Military commander Ratko Mladić gets life sentence for genocide and crimes against humanity
Prosecutors at The Hague war crimes tribunal have called for a life sentence to be imposed on the Bosnian Serb military commander, Ratko Mladić, for genocide and crimes against humanity committed by his forces in the 1992-95 Bosnian war, informs The Guardian.
Any lesser penalty would be “an insult to the victims, living and dead, and an affront to justice” said Alan Tieger, closing the prosecution’s case on Wednesday at the end of a trial that has taken more than four and a half years at the international criminal tribunal for the former Yugoslavia (ICTY).
Mladić, now aged 74, listened to the prosecutors’ closing arguments impassively, watching as they showed videos of him from the war, striding through captured towns, issuing orders to his soldiers.

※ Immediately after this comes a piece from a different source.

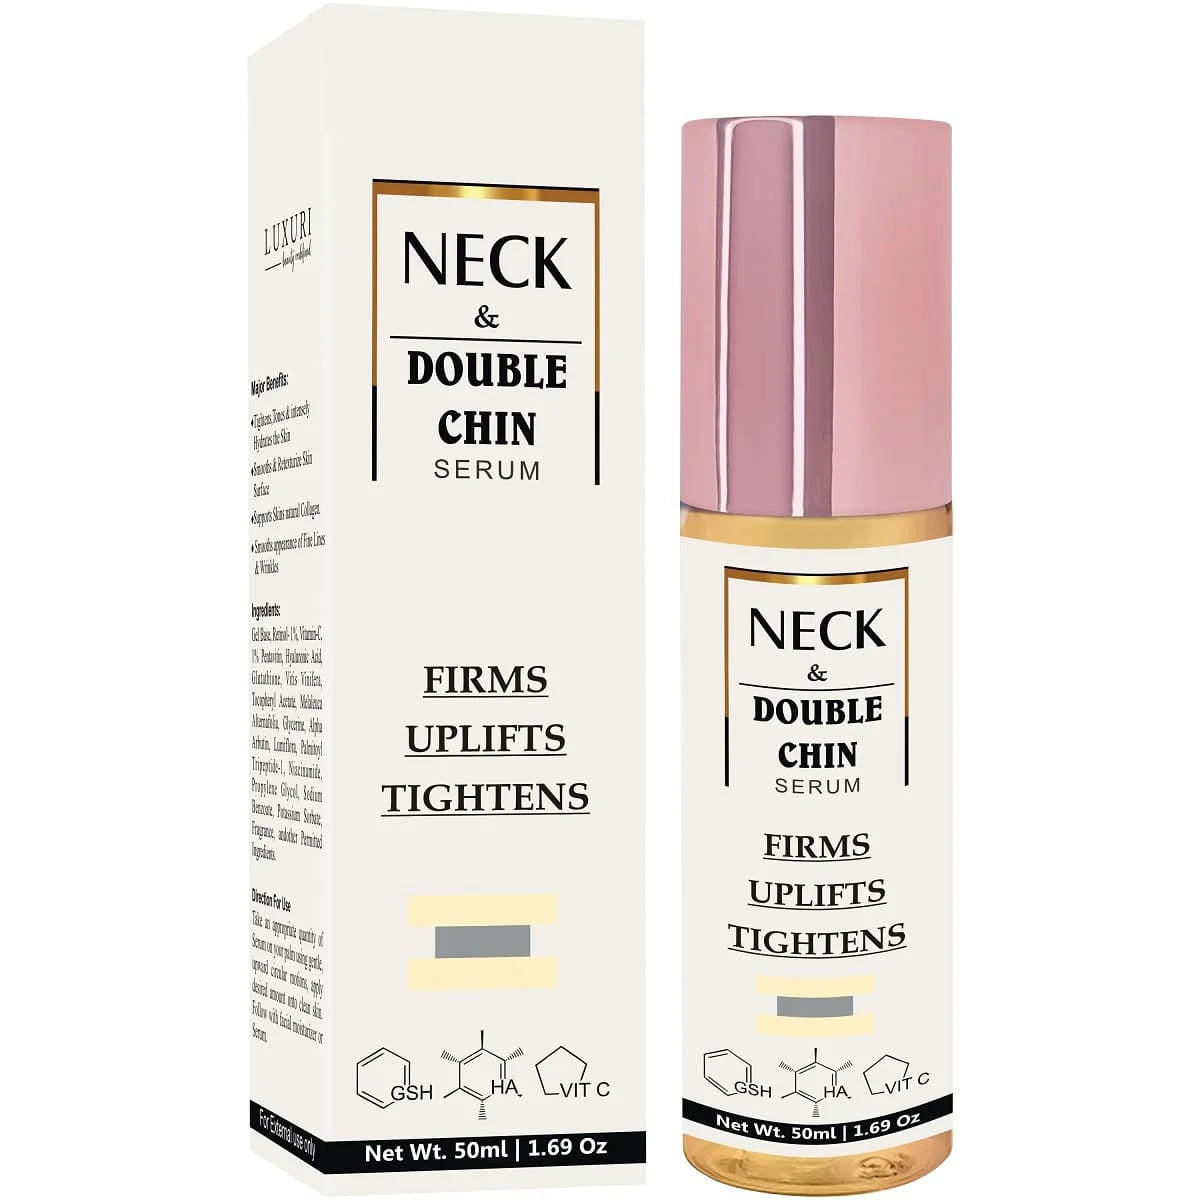 LUXURI Neck & Double Chin Serum Neck Firming & Tightening 50ml

He was a senior officer in the Yugoslav army in 1991 when the socialist federation fell apart. He commanded Bosnian Serb forces that cut the country in two when Bosnia declared its independence the next year and remained in command through the more than three years of war, in which 100,000 people died.
Mladić is accused of war crimes, crimes against humanity and two counts of genocide. One is for the siege of Sarajevo, where his troops ringed the city for 46 months, the longest siege in modern history, subjecting its residents to relentless shelling and sniping. The second genocide count was for the slaughter of more than 7,000 Muslim men and boys from the town of Srebrenica.